Welcome to my talk. Thanks for your nice introduction and the nice welcoming from you guys!
You see the talk has the allusive name "Surveillance and language"
which obviously alludes to Foucault with "Surveillance and punish" (Discipline and Punish in English)
However, long before Foucault presented the genesis of the disciplinary society,
you find a lovely moral tale in a children's book,
which is named "The Kid in the glass house" by Heinrich Oswalt, written in 1877 and very foreshadowing
In Frankfurt lives a glazier master,
Mr. Lebrecht Sheibenmann his name;
He had a little daughter,
Who never wanted to be washed.
And Gretchen came with sponge and soap,
So the bad girl ran away;
It even flipped the washing table -
The water flooded the house.
So Mr. Lebrecht Scheibenmann began
to build a strange house,
A house made only of glass, that, alas!
Was transparent throughout.
And in this glass house
the bad daughter was then seated.
So that, in order to see,
People stopped on the street.
So the kid was ashamed and ran around
In the entire house and screamed:
"Where can I hide?
You can see me from everywhere!
The roof, the cellar, every room
Is made of glass! you can always see me!"
The mother said: "My dear child!
There is a quick fix to that:
If people see you decent
They will pass by;
[...]
The daughter remembered that;
And tried to be seemly.
And because it no longer screamed while washing,
Other people never laughed;
Since everyone who peeked into the house,
Sees a kid that's very seemly.
And if you have your own child, you people,
That always screams while washing,
Just tell it Mr.

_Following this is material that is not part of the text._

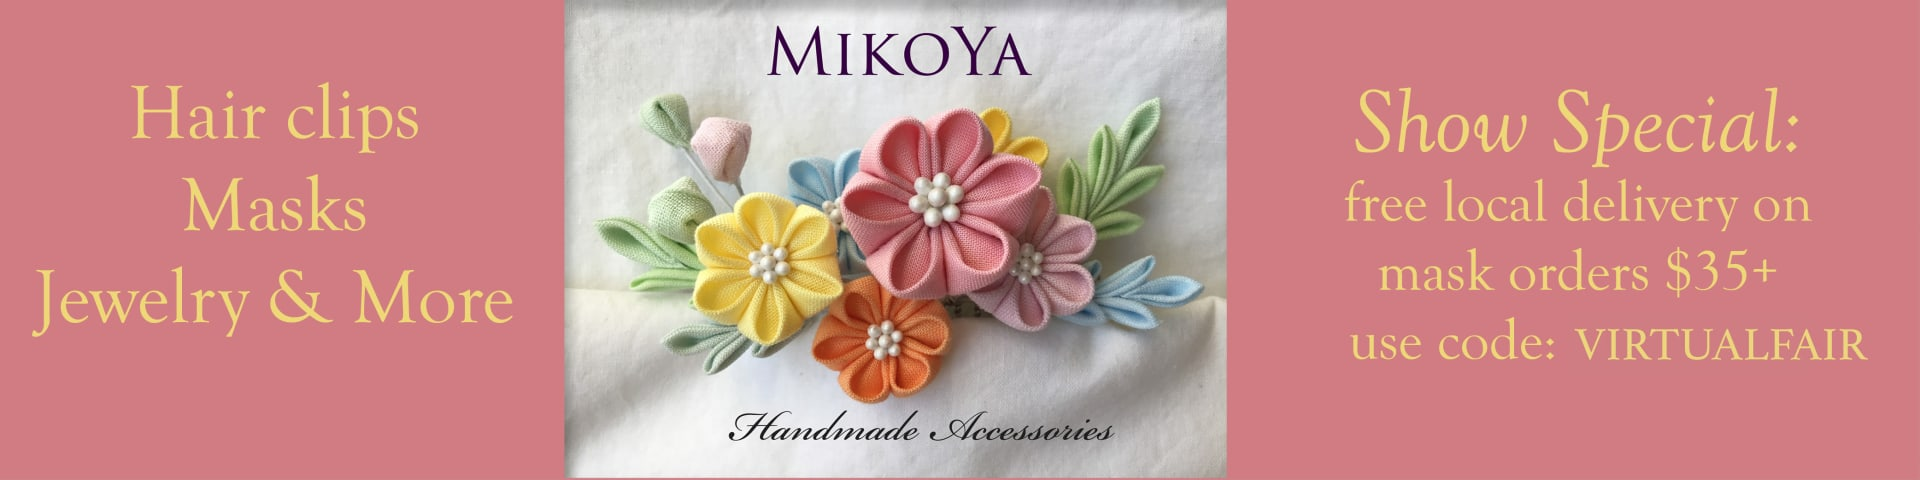 MikoYaBanner-w1920.jpg

Lebrecht Scheibenmann,
He will deliver you a glass house immediately.
Yes, there... tentative approaches to applausing laughs
Applause
Yes, interesting story, that is certainly fitting for our times
as Lebrecht Scheibenmann is named Keith Alexander and works for the NSA
The NSA has made glass houses out of all our homes
we can all be seen in these glass houses
and you don't know, or at least I'm quite sure that one pursues educational purposes
that certain actions are no longer acceptable
and that we internalize this observation
Regarding this observation, language obviously plays a very important role
Many of our statements take place in the medium of language
This has also given hackers the idea to trick the NSA with a site like "Hello NSA"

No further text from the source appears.